Johnson Nathan R, Yeoh Jonathan M, Coruh Ceyda, Axtell Michael J
Huck Institutes of the Life Sciences, Penn State University, Philadelphia 16802 Department of Biology, Knox College, Galesburg, Illinois, 61401.
Department of Biology, Knox College, Galesburg, Illinois, 61401.
G3 (Bethesda). 2016 Jul 7;6(7):2103-11. doi: 10.1534/g3.116.030452.
High-throughput sequencing of small RNAs (sRNA-seq) is a popular method used to discover and annotate microRNAs (miRNAs), endogenous short interfering RNAs (siRNAs), and Piwi-associated RNAs (piRNAs).

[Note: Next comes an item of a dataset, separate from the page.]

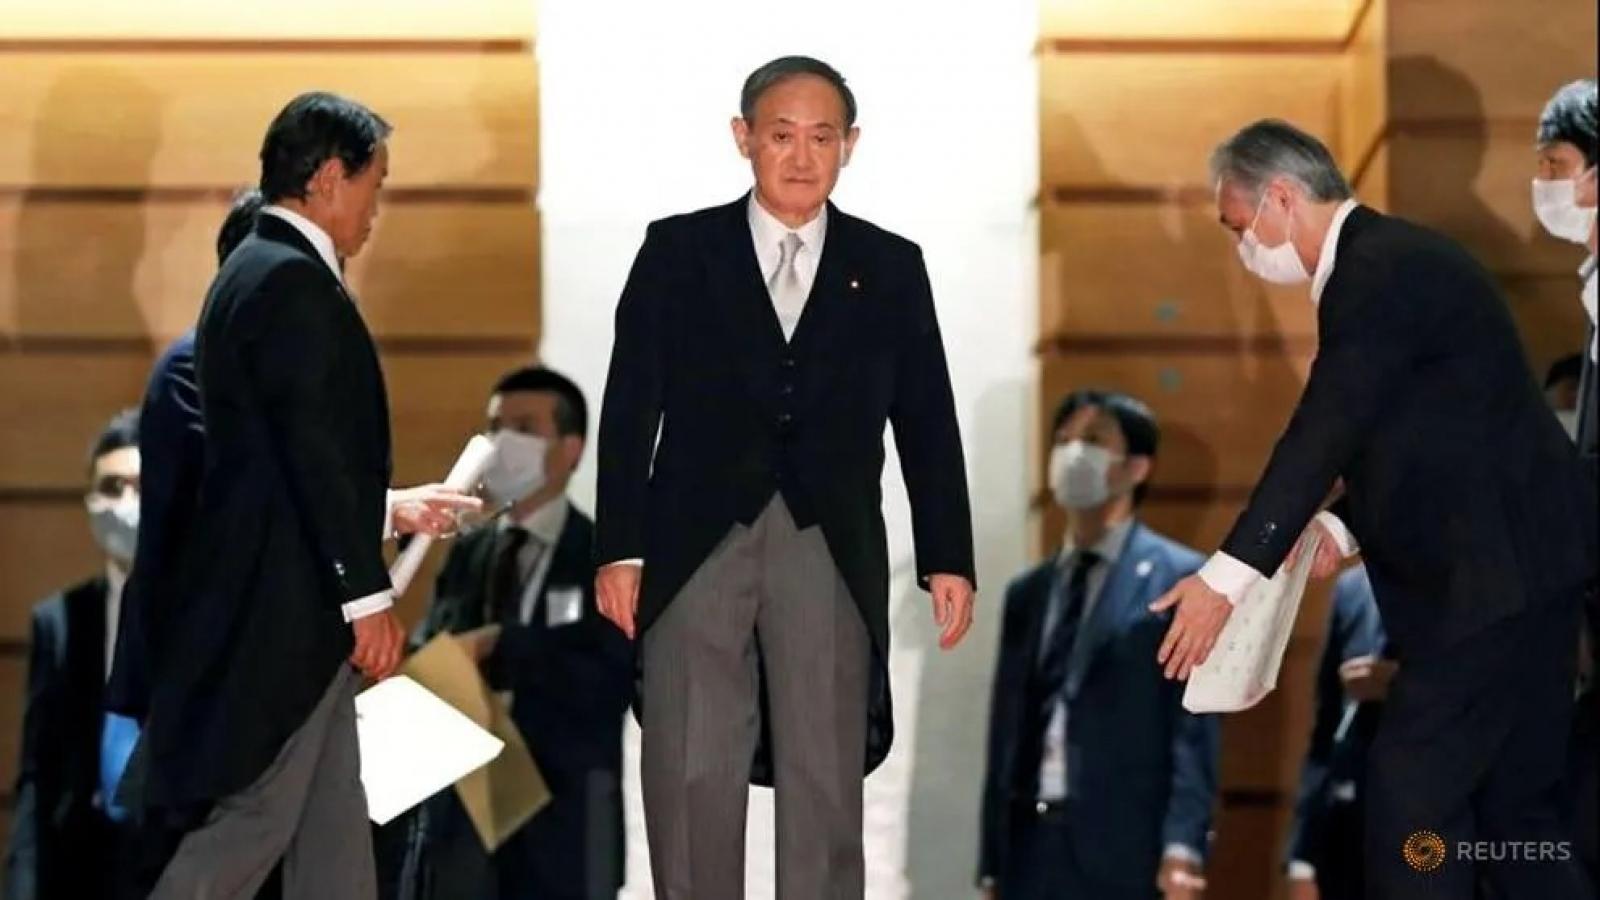 Vừa nhậm chức, tân Thủ tướng Nhật Bản điện đàm với Thủ tướng Australia

One of the key steps in sRNA-seq data analysis is alignment to a reference genome. sRNA-seq libraries often have a high proportion of reads that align to multiple genomic locations, which makes determining their true origins difficult. Commonly used sRNA-seq alignment methods result in either very low precision (choosing an alignment at random), or sensitivity (ignoring multi-mapping reads). Here, we describe and test an sRNA-seq alignment strategy that uses local genomic context to guide decisions on proper placements of multi-mapped sRNA-seq reads. Tests using simulated sRNA-seq data demonstrated that this local-weighting method outperforms other alignment strategies using three different plant genomes. Experimental analyses with real sRNA-seq data also indicate superior performance of local-weighting methods for both plant miRNAs and heterochromatic siRNAs. The local-weighting methods we have developed are implemented as part of the sRNA-seq analysis program ShortStack, which is freely available under a general public license. Improved genome alignments of sRNA-seq data should increase the quality of downstream analyses and genome annotation efforts.
小RNA高通量测序(sRNA-seq)是一种用于发现和注释微小RNA(miRNA)、内源性小干扰RNA(siRNA)和Piwi相互作用RNA(piRNA)的常用方法。sRNA-seq数据分析的关键步骤之一是与参考基因组进行比对。sRNA-seq文库中通常有很大比例的 reads 会比对到多个基因组位置,这使得确定它们的真实来源变得困难。常用的sRNA-seq比对方法要么导致非常低的精度(随机选择比对),要么导致灵敏度低(忽略多重比对的reads)。在这里,我们描述并测试了一种sRNA-seq比对策略,该策略利用局部基因组背景来指导对多重比对的sRNA-seq reads进行正确定位的决策。使用模拟sRNA-seq数据进行的测试表明,这种局部加权方法在使用三种不同植物基因组时优于其他比对策略。对真实sRNA-seq数据的实验分析也表明,局部加权方法对植物miRNA和异染色质siRNA均具有卓越的性能。我们开发的局部加权方法作为sRNA-seq分析程序ShortStack的一部分得以实现,该程序在通用公共许可下可免费获取。sRNA-seq数据的改进基因组比对应能提高下游分析和基因组注释工作的质量。